**RECORDS FOR THE TASK**

○ ○ ○ ○ ○ ○ ○

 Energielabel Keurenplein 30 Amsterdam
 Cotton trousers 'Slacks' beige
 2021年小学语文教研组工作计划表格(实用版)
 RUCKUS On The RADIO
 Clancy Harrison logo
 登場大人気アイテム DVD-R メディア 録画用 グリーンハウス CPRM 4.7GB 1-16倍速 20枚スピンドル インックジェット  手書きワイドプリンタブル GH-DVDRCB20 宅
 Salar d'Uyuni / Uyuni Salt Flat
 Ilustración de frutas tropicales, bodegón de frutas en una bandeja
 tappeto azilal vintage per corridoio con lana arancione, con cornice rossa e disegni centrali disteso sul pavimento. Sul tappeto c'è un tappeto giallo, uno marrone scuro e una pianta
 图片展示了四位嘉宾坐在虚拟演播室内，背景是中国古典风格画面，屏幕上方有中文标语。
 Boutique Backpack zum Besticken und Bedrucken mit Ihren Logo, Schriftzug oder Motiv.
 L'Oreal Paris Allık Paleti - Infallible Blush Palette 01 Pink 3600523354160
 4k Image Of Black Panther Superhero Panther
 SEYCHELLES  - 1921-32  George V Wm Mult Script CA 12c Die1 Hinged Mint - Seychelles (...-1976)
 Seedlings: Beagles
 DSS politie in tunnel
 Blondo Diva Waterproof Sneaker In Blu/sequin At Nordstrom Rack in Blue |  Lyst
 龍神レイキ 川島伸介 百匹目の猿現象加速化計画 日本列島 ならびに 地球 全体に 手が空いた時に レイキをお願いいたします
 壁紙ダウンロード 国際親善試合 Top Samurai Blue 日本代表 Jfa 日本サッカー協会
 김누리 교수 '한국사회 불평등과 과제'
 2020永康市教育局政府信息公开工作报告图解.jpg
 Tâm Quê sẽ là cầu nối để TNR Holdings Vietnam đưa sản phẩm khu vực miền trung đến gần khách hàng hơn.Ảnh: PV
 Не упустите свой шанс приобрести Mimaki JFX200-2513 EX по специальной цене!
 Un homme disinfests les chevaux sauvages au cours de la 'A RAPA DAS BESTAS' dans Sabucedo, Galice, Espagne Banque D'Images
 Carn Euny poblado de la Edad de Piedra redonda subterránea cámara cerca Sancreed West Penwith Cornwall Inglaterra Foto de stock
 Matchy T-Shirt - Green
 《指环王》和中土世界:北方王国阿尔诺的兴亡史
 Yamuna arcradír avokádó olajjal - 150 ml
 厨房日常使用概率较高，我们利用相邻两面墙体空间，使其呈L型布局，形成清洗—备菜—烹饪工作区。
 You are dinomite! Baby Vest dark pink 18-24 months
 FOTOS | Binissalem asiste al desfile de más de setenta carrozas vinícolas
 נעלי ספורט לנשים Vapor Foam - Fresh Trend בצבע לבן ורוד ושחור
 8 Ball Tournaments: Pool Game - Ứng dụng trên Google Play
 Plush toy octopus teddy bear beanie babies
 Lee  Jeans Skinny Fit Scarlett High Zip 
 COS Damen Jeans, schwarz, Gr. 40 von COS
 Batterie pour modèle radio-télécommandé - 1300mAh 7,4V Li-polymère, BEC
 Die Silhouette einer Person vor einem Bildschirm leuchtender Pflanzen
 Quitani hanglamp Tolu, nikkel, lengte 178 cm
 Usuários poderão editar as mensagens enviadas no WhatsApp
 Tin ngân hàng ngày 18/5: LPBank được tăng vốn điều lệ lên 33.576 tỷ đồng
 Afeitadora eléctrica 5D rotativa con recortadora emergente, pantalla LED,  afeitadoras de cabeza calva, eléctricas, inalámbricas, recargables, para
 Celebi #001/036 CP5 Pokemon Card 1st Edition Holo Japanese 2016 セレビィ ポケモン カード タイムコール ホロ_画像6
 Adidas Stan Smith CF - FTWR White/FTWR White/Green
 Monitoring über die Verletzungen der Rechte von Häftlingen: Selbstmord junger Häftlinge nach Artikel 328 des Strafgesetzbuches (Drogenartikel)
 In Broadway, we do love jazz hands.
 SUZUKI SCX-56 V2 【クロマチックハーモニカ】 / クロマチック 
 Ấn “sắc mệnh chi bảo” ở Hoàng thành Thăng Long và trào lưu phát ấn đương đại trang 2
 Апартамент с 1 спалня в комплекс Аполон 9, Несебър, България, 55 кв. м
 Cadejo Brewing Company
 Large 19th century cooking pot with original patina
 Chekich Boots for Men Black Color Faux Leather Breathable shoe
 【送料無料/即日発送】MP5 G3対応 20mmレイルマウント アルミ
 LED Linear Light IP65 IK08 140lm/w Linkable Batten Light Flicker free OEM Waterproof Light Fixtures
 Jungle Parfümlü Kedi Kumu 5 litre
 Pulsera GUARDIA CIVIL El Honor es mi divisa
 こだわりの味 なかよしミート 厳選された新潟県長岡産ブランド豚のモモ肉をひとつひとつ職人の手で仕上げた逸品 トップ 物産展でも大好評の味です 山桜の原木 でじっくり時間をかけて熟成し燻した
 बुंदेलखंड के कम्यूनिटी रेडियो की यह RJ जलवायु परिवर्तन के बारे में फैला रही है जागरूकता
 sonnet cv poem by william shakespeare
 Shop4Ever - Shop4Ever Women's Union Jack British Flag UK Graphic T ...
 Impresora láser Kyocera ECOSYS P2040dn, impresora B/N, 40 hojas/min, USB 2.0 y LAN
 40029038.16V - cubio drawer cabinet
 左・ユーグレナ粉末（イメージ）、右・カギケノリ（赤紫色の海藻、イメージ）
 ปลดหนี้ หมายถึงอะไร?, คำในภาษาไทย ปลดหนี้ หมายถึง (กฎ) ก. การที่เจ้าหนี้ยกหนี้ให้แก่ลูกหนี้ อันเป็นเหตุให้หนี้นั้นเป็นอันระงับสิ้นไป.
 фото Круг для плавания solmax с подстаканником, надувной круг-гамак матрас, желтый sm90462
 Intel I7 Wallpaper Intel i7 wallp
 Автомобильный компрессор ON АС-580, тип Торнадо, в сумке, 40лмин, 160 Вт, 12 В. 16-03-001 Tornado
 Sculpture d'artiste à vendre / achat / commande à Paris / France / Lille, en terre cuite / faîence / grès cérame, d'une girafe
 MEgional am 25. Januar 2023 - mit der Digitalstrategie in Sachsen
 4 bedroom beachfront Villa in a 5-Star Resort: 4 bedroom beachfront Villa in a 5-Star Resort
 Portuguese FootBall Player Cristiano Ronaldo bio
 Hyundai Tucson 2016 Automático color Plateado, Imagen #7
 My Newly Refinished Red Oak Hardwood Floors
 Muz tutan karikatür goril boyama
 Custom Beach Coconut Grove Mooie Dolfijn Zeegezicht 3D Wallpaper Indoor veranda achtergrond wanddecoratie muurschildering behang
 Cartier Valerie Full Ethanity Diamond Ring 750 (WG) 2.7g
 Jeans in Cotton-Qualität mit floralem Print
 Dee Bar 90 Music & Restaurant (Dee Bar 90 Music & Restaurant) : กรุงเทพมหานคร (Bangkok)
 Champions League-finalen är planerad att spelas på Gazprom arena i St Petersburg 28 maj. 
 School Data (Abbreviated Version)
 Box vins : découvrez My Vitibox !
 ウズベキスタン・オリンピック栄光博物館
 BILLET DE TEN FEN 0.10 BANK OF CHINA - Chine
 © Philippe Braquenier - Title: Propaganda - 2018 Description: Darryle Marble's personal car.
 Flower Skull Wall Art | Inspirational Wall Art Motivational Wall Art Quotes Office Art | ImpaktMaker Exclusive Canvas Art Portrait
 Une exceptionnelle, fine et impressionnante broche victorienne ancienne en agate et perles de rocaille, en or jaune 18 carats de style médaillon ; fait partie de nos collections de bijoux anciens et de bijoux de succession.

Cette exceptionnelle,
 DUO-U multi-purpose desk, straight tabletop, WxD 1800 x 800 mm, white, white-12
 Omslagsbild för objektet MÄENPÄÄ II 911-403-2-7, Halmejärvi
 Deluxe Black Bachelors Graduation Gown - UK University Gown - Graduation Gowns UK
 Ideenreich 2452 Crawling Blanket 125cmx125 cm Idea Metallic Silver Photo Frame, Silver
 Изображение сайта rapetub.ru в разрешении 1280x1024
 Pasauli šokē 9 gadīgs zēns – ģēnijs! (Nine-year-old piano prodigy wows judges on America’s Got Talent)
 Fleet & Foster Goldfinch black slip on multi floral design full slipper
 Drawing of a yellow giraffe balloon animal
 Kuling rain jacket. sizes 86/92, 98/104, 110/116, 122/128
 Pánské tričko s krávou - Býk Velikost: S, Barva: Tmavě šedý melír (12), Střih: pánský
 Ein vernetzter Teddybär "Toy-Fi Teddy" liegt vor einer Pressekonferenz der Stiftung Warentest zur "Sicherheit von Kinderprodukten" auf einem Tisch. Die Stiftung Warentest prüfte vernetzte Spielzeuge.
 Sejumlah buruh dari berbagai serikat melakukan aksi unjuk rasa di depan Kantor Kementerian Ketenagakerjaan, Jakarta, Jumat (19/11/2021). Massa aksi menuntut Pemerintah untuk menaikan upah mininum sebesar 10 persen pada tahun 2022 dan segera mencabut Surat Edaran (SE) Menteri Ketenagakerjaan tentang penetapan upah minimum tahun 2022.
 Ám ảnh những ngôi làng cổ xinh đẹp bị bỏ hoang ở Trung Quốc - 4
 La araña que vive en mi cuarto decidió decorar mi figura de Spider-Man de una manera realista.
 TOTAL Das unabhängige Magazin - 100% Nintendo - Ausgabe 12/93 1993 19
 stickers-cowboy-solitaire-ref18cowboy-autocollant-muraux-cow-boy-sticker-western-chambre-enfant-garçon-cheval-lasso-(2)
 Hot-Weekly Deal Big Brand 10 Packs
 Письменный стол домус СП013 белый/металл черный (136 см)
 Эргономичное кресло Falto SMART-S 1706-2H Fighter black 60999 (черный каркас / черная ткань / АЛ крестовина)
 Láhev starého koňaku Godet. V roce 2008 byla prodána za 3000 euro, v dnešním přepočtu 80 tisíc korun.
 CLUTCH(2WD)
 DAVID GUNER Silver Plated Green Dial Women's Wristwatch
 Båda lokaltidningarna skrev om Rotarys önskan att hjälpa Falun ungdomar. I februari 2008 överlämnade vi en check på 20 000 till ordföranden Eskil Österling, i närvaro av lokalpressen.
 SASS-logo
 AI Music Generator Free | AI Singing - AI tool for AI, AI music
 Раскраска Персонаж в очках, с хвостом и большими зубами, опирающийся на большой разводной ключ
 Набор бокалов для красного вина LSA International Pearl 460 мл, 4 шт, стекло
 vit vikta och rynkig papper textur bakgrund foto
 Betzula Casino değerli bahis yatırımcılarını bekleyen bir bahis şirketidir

○ ○ ○ ○ ○ ○ ○

**EXERCISE PROMPT**
In the listing above, find the line containing "Impresora láser Kyocera" and the line containing "Cartier Valerie Full". Output them and every line between, exactly, and nothing else.

**OUTPUT FOR THIS TASK**
 Impresora láser Kyocera ECOSYS P2040dn, impresora B/N, 40 hojas/min, USB 2.0 y LAN
 40029038.16V - cubio drawer cabinet
 左・ユーグレナ粉末（イメージ）、右・カギケノリ（赤紫色の海藻、イメージ）
 ปลดหนี้ หมายถึงอะไร?, คำในภาษาไทย ปลดหนี้ หมายถึง (กฎ) ก. การที่เจ้าหนี้ยกหนี้ให้แก่ลูกหนี้ อันเป็นเหตุให้หนี้นั้นเป็นอันระงับสิ้นไป.
 фото Круг для плавания solmax с подстаканником, надувной круг-гамак матрас, желтый sm90462
 Intel I7 Wallpaper Intel i7 wallp
 Автомобильный компрессор ON АС-580, тип Торнадо, в сумке, 40лмин, 160 Вт, 12 В. 16-03-001 Tornado
 Sculpture d'artiste à vendre / achat / commande à Paris / France / Lille, en terre cuite / faîence / grès cérame, d'une girafe
 MEgional am 25. Januar 2023 - mit der Digitalstrategie in Sachsen
 4 bedroom beachfront Villa in a 5-Star Resort: 4 bedroom beachfront Villa in a 5-Star Resort
 Portuguese FootBall Player Cristiano Ronaldo bio
 Hyundai Tucson 2016 Automático color Plateado, Imagen #7
 My Newly Refinished Red Oak Hardwood Floors
 Muz tutan karikatür goril boyama
 Custom Beach Coconut Grove Mooie Dolfijn Zeegezicht 3D Wallpaper Indoor veranda achtergrond wanddecoratie muurschildering behang
 Cartier Valerie Full Ethanity Diamond Ring 750 (WG) 2.7g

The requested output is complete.